Sam Rockwell, adding another distinctive portrait to his gallery of oddballs and outsiders, plays the simultaneously resourceful and dead-ended protag. Med school dropout Victor Mancini earns minimum wage as an "historical interpreter" at a New England theme park. More specifically, he spends his working day playing "the backbone of colonial America -- an indentured Irish servant" in a recreated 18th century village where a whole staff of bored twenty- to thirtysomethings portray milkmaids, gentry and redcoats.
His best pal is big, jovial workmate Denny (Brian William Henke). After hours, they both attend 12-step meetings for sex addicts -- Denny being a chronic masturbator and Victor in constant pursuit of the perfect mental "nothingness" experienced at orgasm.
Truth is, neither of them seem able to stay in "recovery" for more than a few days. Victor routinely leaves mid-meeting to copulate vigorously in the bathroom with fellow attendee Nico (Paz de la Huerta).
No doubt the key reason for all this is mommy dearest Ida (Angelica Huston), a paranoiac criminal nonconformist who raised him alone, on the run, in frequently extreme ways. (One of her bright ideas got him mauled by a lynx.)
As seen in flashbacks, she frequently dumped him into foster homes when her delusions (or institutionalization) necessitated, only to pluck him again from these fleeting glimpses of ordinary life.

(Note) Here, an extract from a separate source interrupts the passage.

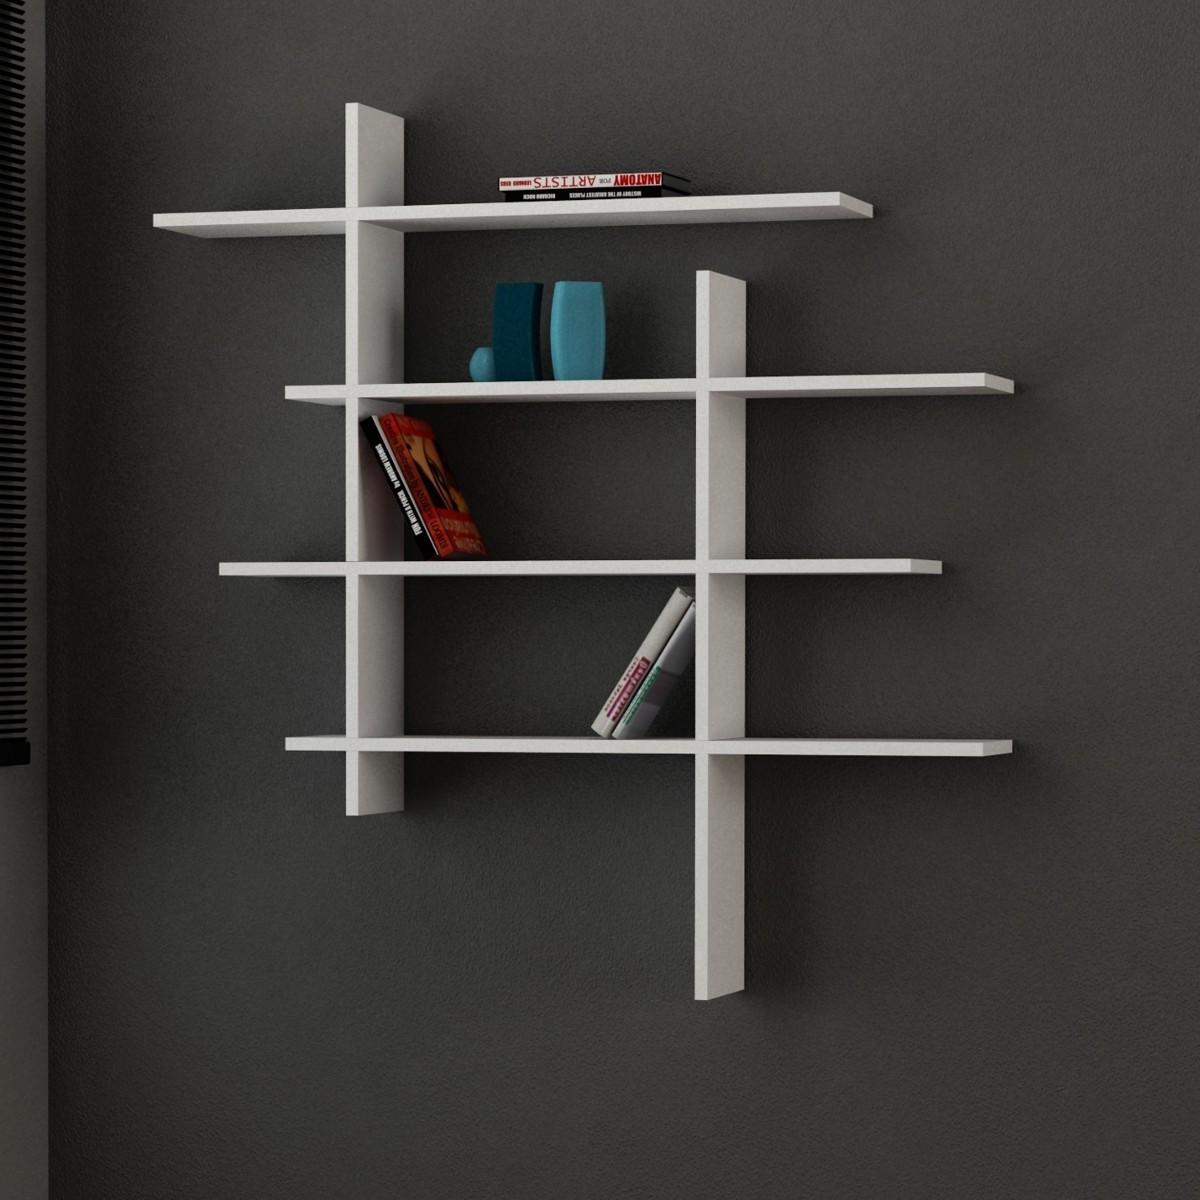 Standup mensola libreria moderna a muro in legno 115 x 115 cm for Librerie moderne economiche

Decades later, Ida resides in a women's private care facility that Victor pays for through an unusual scam -- he stages his own near-choking death in restaurants so some noble bystander can rescue him via the Heimlich Maneuver and feel heroic. The benefactors frequently later send him money out of further concern for his well-being. It's a neat if somewhat perilous racket.
Ida no longer recognizes Victor, as she's slipping away from dementia. New ward physician Paige Marshall (Kelly Macdonald) has a curious notion about how she might be saved that involves Victor inseminating the hot young medico.
Palahniuk's antic absurdism is duly present, but the hurtling pace and barely-underlying nihilism that transferred to screen so vividly in "Fight Club" aren't much in evidence here. Gregg (who's quite funny as the colonial village's autocratic manager Lord High Charlie) and collaborators come up with a routine bright look, uninspired setpiece stagings and an uneven performance tenor. They add up to diverting bad taste comedics rather than the novel's truly skewed parallel universe.
To be sure, certain narrative ideas and verbal tropes will still tickle tome's fans and may strike the gamely uninitiated as uproarious.
Among the cast, Rockwell and Henke best grasp the desired tone. Tech and design contribs are adequate, but could have been more assertive.
Camera (color, HD cam), Tim Orr; editor, Joe Klotz; music, Nathan Larson; production designer, Roshelle Berliner; art director, Matteo De Cosmo; set decorator, Kate Foster; costume designer, Catherine George; sound (Dolby Digital), Christopher Gebert; supervising sound editor, Richard Taylor; sound designer, Albert Gasser; unit production manager, Tony Hernandez; assistant directors, Stuart J.C. Williams, Nicholas R. Bell; casting, Mary Vernieu. Reviewed at Sundance Film Festival (competing), Jan. 21, 2008. Running time: 92 MIN.